Pods are organized by time zone so standups and meetings work for everyone:

* Eastern Time (ET)
* Pacific Time (PT)
* Greenwich Mean Time (GMT)
* India Standard Time (IST)

## Why Choose MLH Fellowship?

| Factor     | MLH Fellowship                        | GSoC                   |
| ---------- | ------------------------------------- | ---------------------- |
| Format     | Cohort-based pods                     | Individual contributor |
| Mentorship | Daily interaction                     | Varies by mentor       |
| Tracks     | 3 specialized tracks                  | General open source    |
| Structure  | Very structured (standups, sprints)   | Self-directed          |
| Networking | Strong alumni network + MLH community | Org-specific community |
| Batches    | 3 per year                            | 1 per year             |

## After the Fellowship

* **MLH Alumni Network** — Access to a global community of past fellows
* **Job referrals** — MLH partners with companies for hiring
* **Portfolio** — Real contributions to major open-source projects
* **References** — Your mentor can serve as a professional reference

## Resources

| Resource           | Link                                                  |
| ------------------ | ----------------------------------------------------- |
| Official Website   | [fellowship.mlh.io](https://fellowship.mlh.io/)       |
| Application Portal | [fellowship.mlh.io/apply](https://fellowship.mlh.io/) |
| MLH Community      | [mlh.io](https://mlh.io/)                             |

## Frequently Asked Questions

<AccordionGroup>
  <Accordion title="Can I apply if I've done GSoC before?">
    Yes.
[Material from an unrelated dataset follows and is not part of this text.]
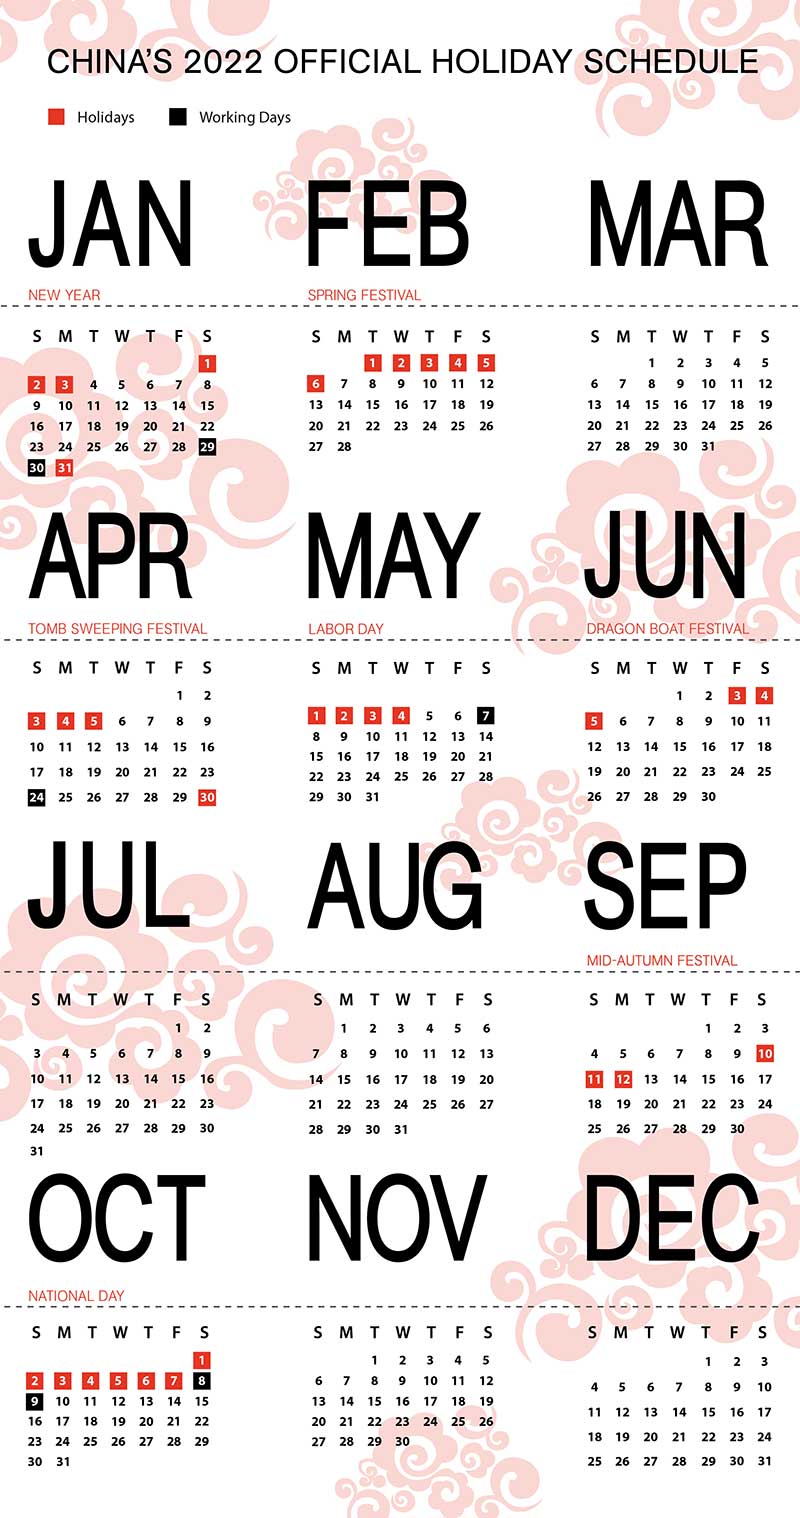 China Public Holiday 2022 Schedule Released - China Briefing News

The MLH Fellowship is a completely separate program.
  </Accordion>

  <Accordion title="How competitive is the MLH Fellowship?">
    Very competitive. Thousands apply each batch, and only a few hundred are accepted. A strong GitHub profile and good interview performance are essential.
  </Accordion>

  <Accordion title="Can I work part-time while doing the fellowship?">
    The time commitment is 20–30 hours/week (more for Summer). A light part-time job might be manageable, but you need to be upfront about it.
  </Accordion>

  <Accordion title="What happens if I don't get a stipend?">
    The stipend is need-based. You can still participate even if you receive a lower stipend amount. The experience and networking are the primary value.
  </Accordion>

  <Accordion title="Do I need a CS degree?">
    No. Self-taught developers, bootcamp grads, and non-CS students are all welcome. Your skills and projects matter more than formal education.